Und Herbert kam zu mir und spritzte schon beim Eindringen.

„Schlaf jetzt, mein Lieber, den Rest mach ich mir heute selbst!“

Damit begann ich, meinen Kitzler neben Herberts noch steifem Glied zu kneten. Herbert schlief sofort ein, und ich war bei meinem Orgasmus wohl auch schon eingeschlafen.

Am Morgen fanden wir uns noch in derselben Lage wieder, und obwohl wir eigentlich viel zu wenig geschlafen hatten, fühlten wir uns frisch wie neugeboren.

So begann eine wunderbare Freundschaft und Liebe, allerdings immer unter der Unsicherheit, ob sich Herbert nicht für seine Lieblingscousine Karin entscheiden würde.

Ich schlief jetzt an den Wochenenden meistens mit Herbert im Haus seiner Mutter, und sie behandelte mich ganz lieb wie eine zukünftige Schwiegertochter. Es kam die Kunde aus Frankfurt, daß Karin einen neuen Freund habe, Johann, genannt Hans oder Hansi, in den sie irrsinnig verknallt war. Es wurde verabredet, daß die beiden Silvester nach Ohlstedt kämen und wir alle zusammen das Neue Jahr feiern. Weihnachten waren Herbert und ich bei unseren Müttern. Ich erzählte ihr von dem lieben Herbert, aber meine Mutter wollte wieder einmal nichts von meinen Liebesproblemen hören; sie war mir noch — oder wieder — böse, daß ich mich von Dieter hatte scheiden lassen — „wegen so einer Lappalie, wenn Dieter manchmal am Nachmittag — das muß doch eine Frau wie du aushalten!“ Jetzt auf einmal „eine Frau wie du“! Und daß ich bei Ingwer nicht angebissen hatte, war natürlich auch nicht richtig.

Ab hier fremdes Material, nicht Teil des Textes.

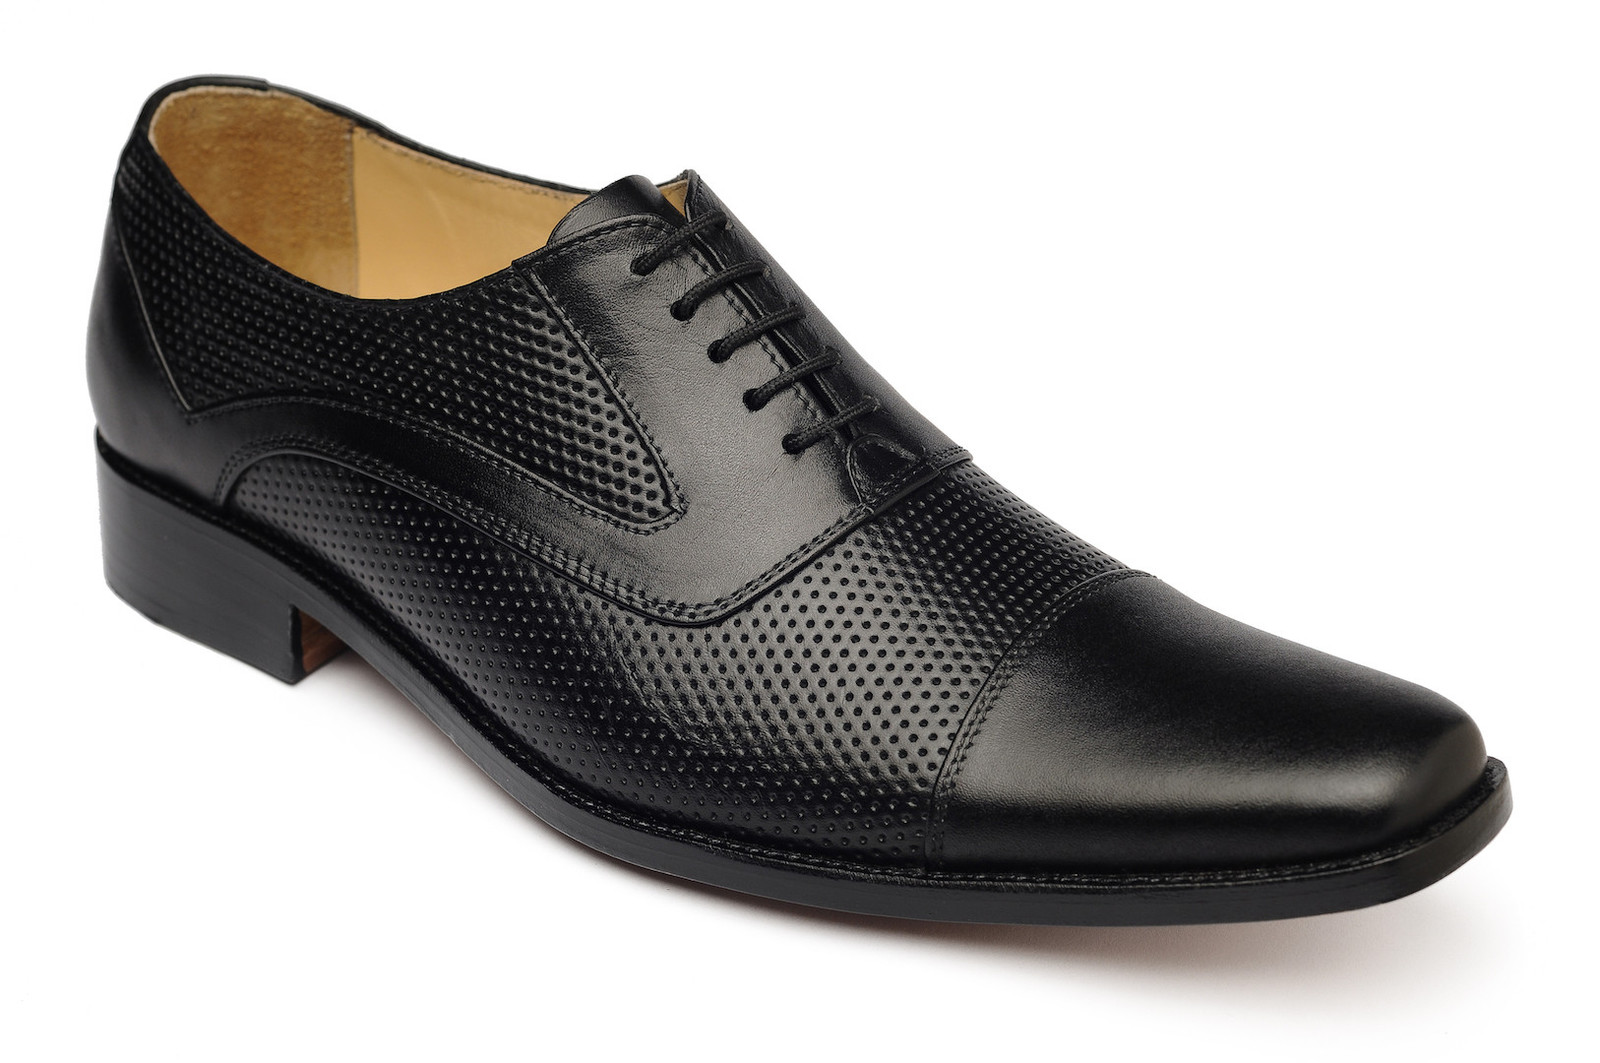 HANDMADE BLACK OXFORD PERFORATED SHOES, MEN'S BLACK DRESS SHOES, REAL ...

Silvester lernten wir also Karins Hans kennen, und er war Herbert und mir auf den ersten Blick unsympathisch — überhaupt und weil er alsbald anfing, sich mit schmierigen Komplimenten an mich heranzuschleimen.

„Da kann Herbert ja glücklich sein mit einer so gut gebauten Frau!“

Er sagte wirklich „gut gebaut“ statt „schön“ oder „charmant“ oder meinetwegen „sportlich“!

„Glotz mich nicht immer so an“, mußte ich ihm am Neujahrsnachmittag schließlich sagen, „deine Karin ist doch viel schlanker und schöner als ich!“

Was wirklich stimmte.

Jedenfalls gab Karin dem Hans noch in Ohlstedt den Laufpaß, er fuhr mit seinem Auto nach Frankfurt, und wir hatten unsere Ruhe. Und Karin sah in mir Herberts Zukünftige; sie machte gar keinen traurigen Eindruck deshalb, vielmehr war sie erleichtert, den Hans losgeworden zu sein.

Nach den Feiertagen fuhr auch Karin zurück nach Frankfurt, und Herbert und ich führten unser Leben wie vorher weiter. Im März hatte Karin wieder einen Freund.

Sie brachte ihn an einem Wochenende nach Ohlstedt zum Vorstellen. Rainer war ein anderes Kaliber als Hans — sympathisch, zuvorkommend, korrekt; Assistent an der Uni — nur: er war neun Jahre jünger als Karin, und sie gestand mir, als wir einmal allein waren, daß es ihr vor allem seine jugendlich stürmischen Liebeskünste angetan hatten.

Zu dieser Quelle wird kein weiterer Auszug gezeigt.